[RECORDED INFORMATION Boundary: Start]
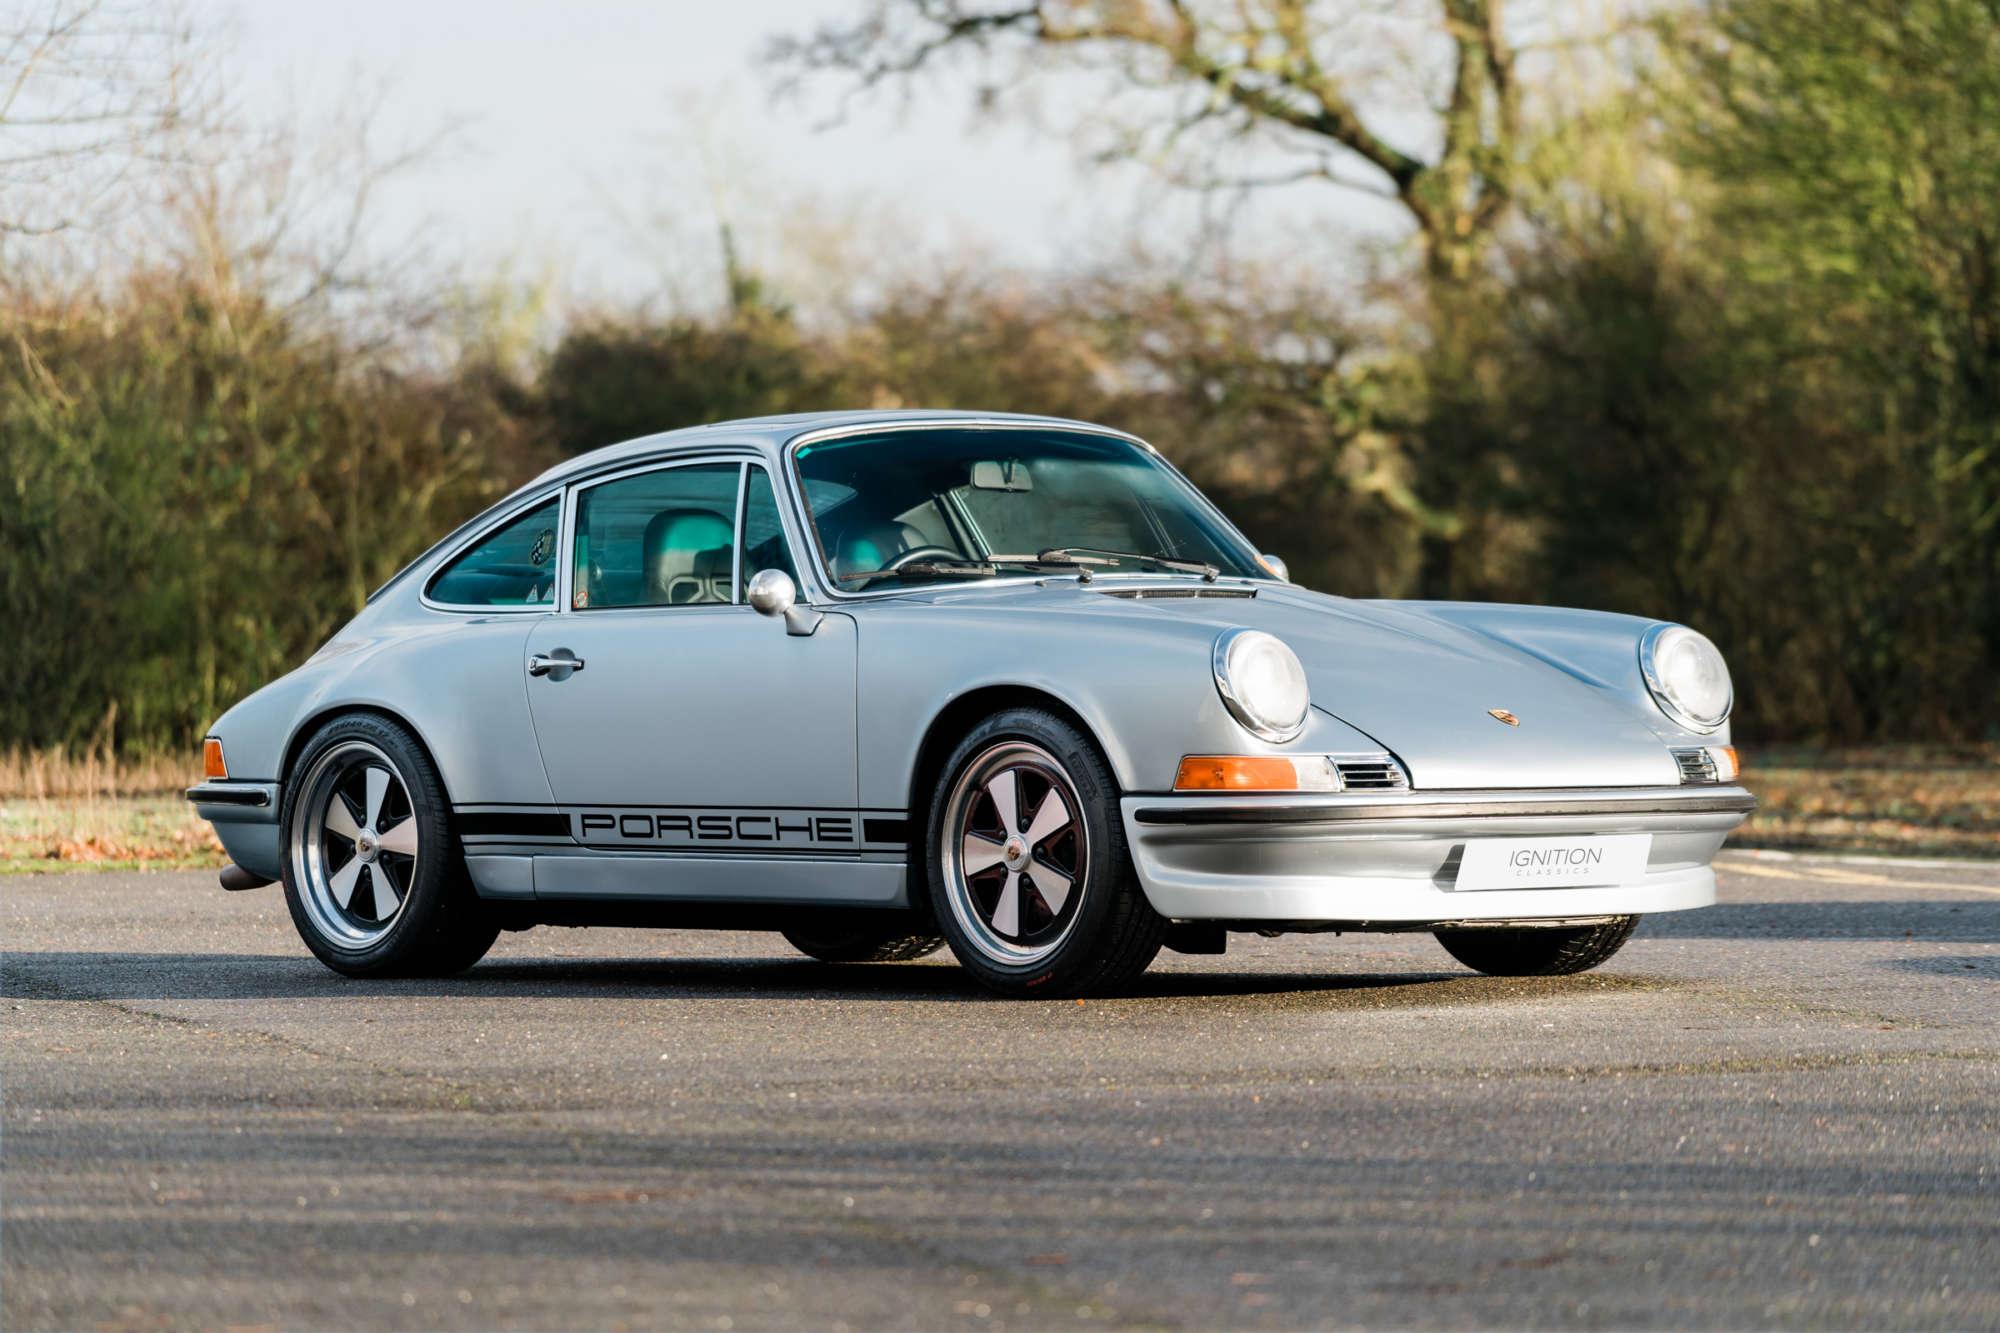 Porsche Paul Stephens Autoart Retro Touring R
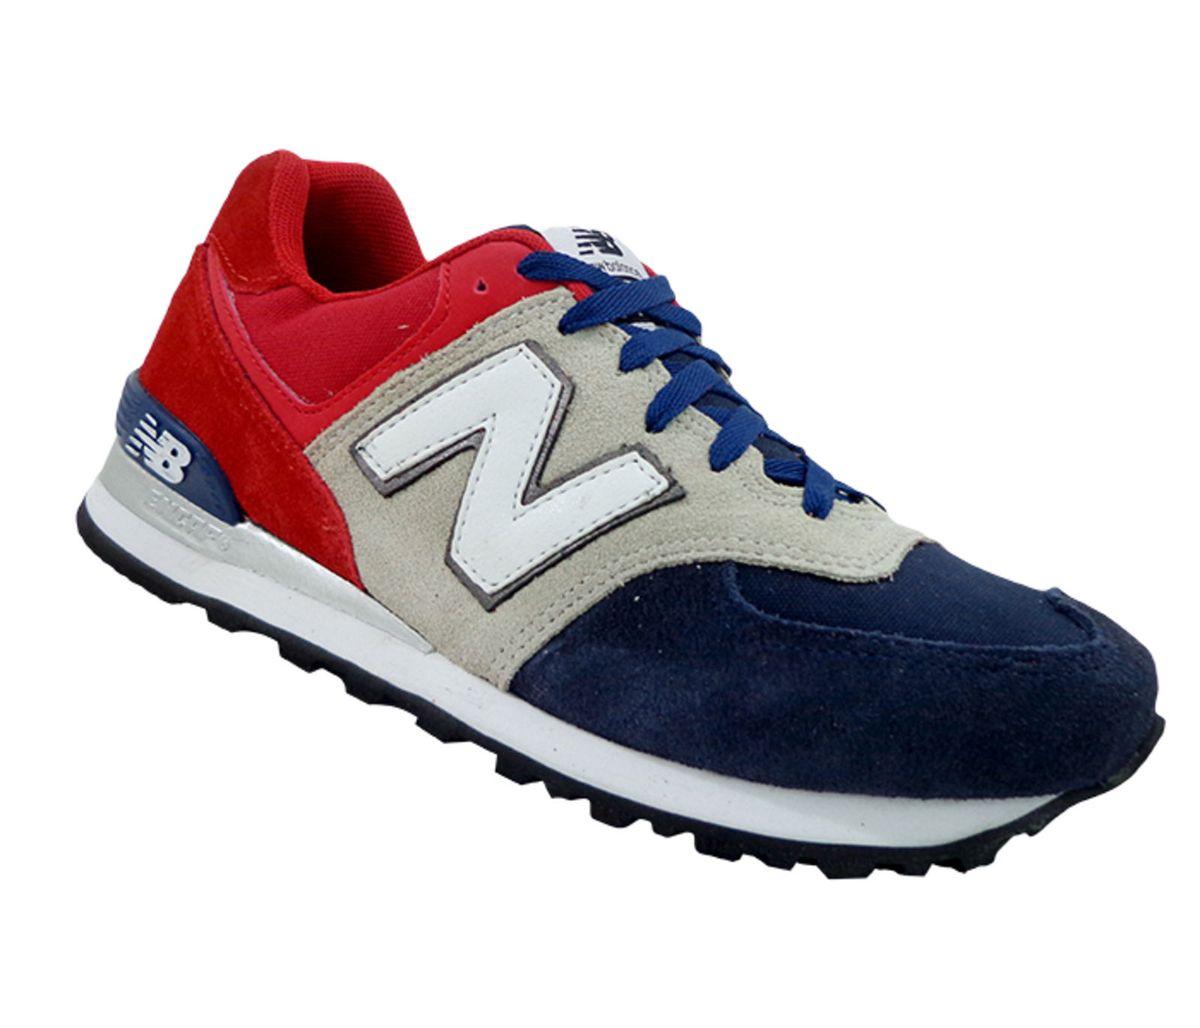 bb8a971a128 Tênis New Balance 574 Vermelho
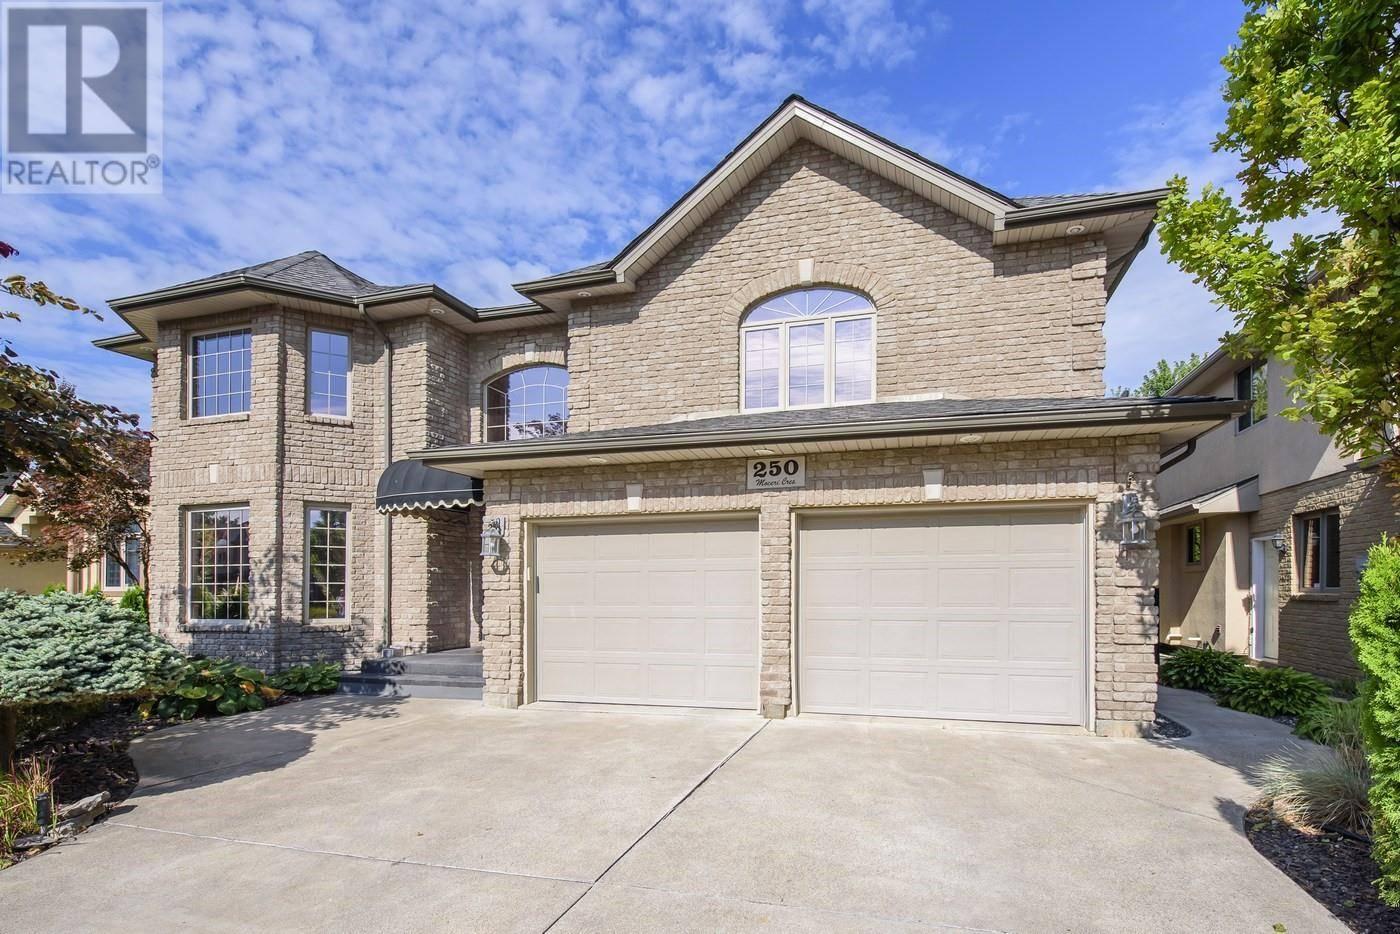 House for sale at 250 Moceri  Lakeshore Ontario - MLS: 19023664
[RECORDED INFORMATION Boundary: End]
__AIM OF THE TASK__
Nothing but the pictures may be dropped; restate the material word for word.

__ANSWER FOR THE TASK__
 Porsche Paul Stephens Autoart Retro Touring R
 bb8a971a128 Tênis New Balance 574 Vermelho
 House for sale at 250 Moceri  Lakeshore Ontario - MLS: 19023664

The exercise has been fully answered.